Evento Charity Dee di Vita - Virginia Galateri di Genola indossa il turbante Mantero

Parlare di malattia è sempre un tabù. È come se nessuno di noi volesse affrontare il dolore: ci fa paura solo a nominarlo, ci indebolisce, ci rende fragili agli occhi del mondo.

Chi di noi non cerca di mostrare sempre il lato migliore, chi non si rintana in casa quando è ammalato, anche solo con una semplice influenza? Pensate allora a coloro che soffrono di malattie gravi, magari incurabili. Quei mali che ti portano via tutta l’energia vitale, che ti scavano il volto, che ti fanno perdere i capelli oltre che le forze. Oggi voglio parlare di questo.
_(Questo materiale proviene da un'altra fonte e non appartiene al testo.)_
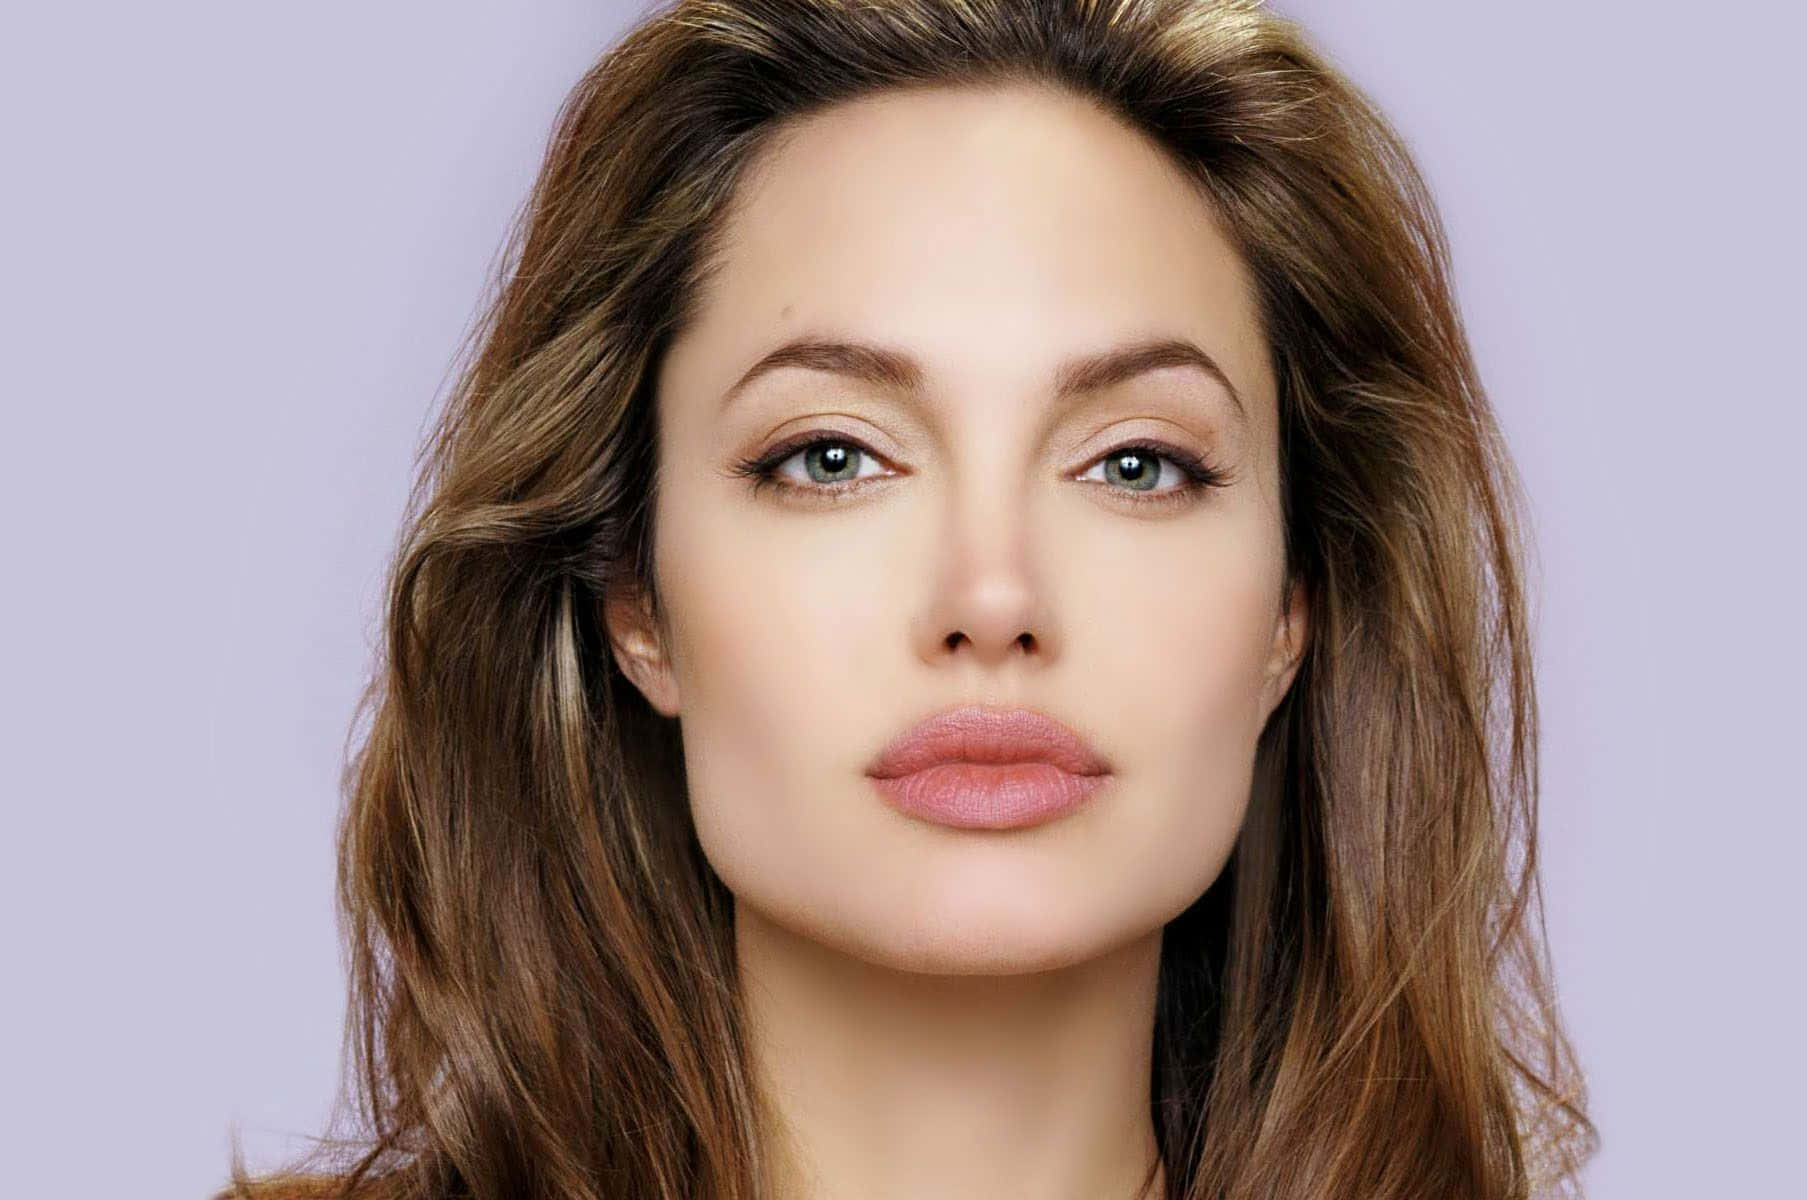 Hintergrundbildvon Angelina Jolie

Perché è un tema che non bisogna avere paura di affrontare. Io ho lottato con la persona a me più cara durante la sua malattia, abbiamo affrontato il dolore fisico, la calvizie, la parrucca, la camminata che diventa più faticosa, dico “abbiamo” perché quando il male tocca chi ami, in qualche modo distrugge anche te. Ma chi lo affronta deve affrontare anche tutte le conseguenze psicologiche, come quelle, per una donna, di vedere attaccata la sua femminilità. E non è un fatto secondario. Ecco perché voglio raccontarvi di questo piccolo grande progetto che ha realizzato l’Ospedale San Raffaele di Milano, per il sostegno delle donne in terapia oncologica, assieme a Mantero, azienda storica di tessuti. L’iniziativa Dee di Vita supporta “Salute allo Specchio”, un progetto del San Raffaele con l’ Università vita-salute del San Raffaele, che nasce dalla convinzione che eccellenza medica e qualità della cura debbano portare al pieno recupero del benessere fisico e psicologico della persona. È un percorso volto a sostenere le donne in cura oncologica presso l’ospedale San Raffaele, per aiutarle a superare la depressione e la solitudine, e a ritrovare la femminilità e il desiderio di stare con gli altri. Ecco perché un piccolo aiuto può venire anche da un turbante, simbolo non di malattia, ma di bellezza.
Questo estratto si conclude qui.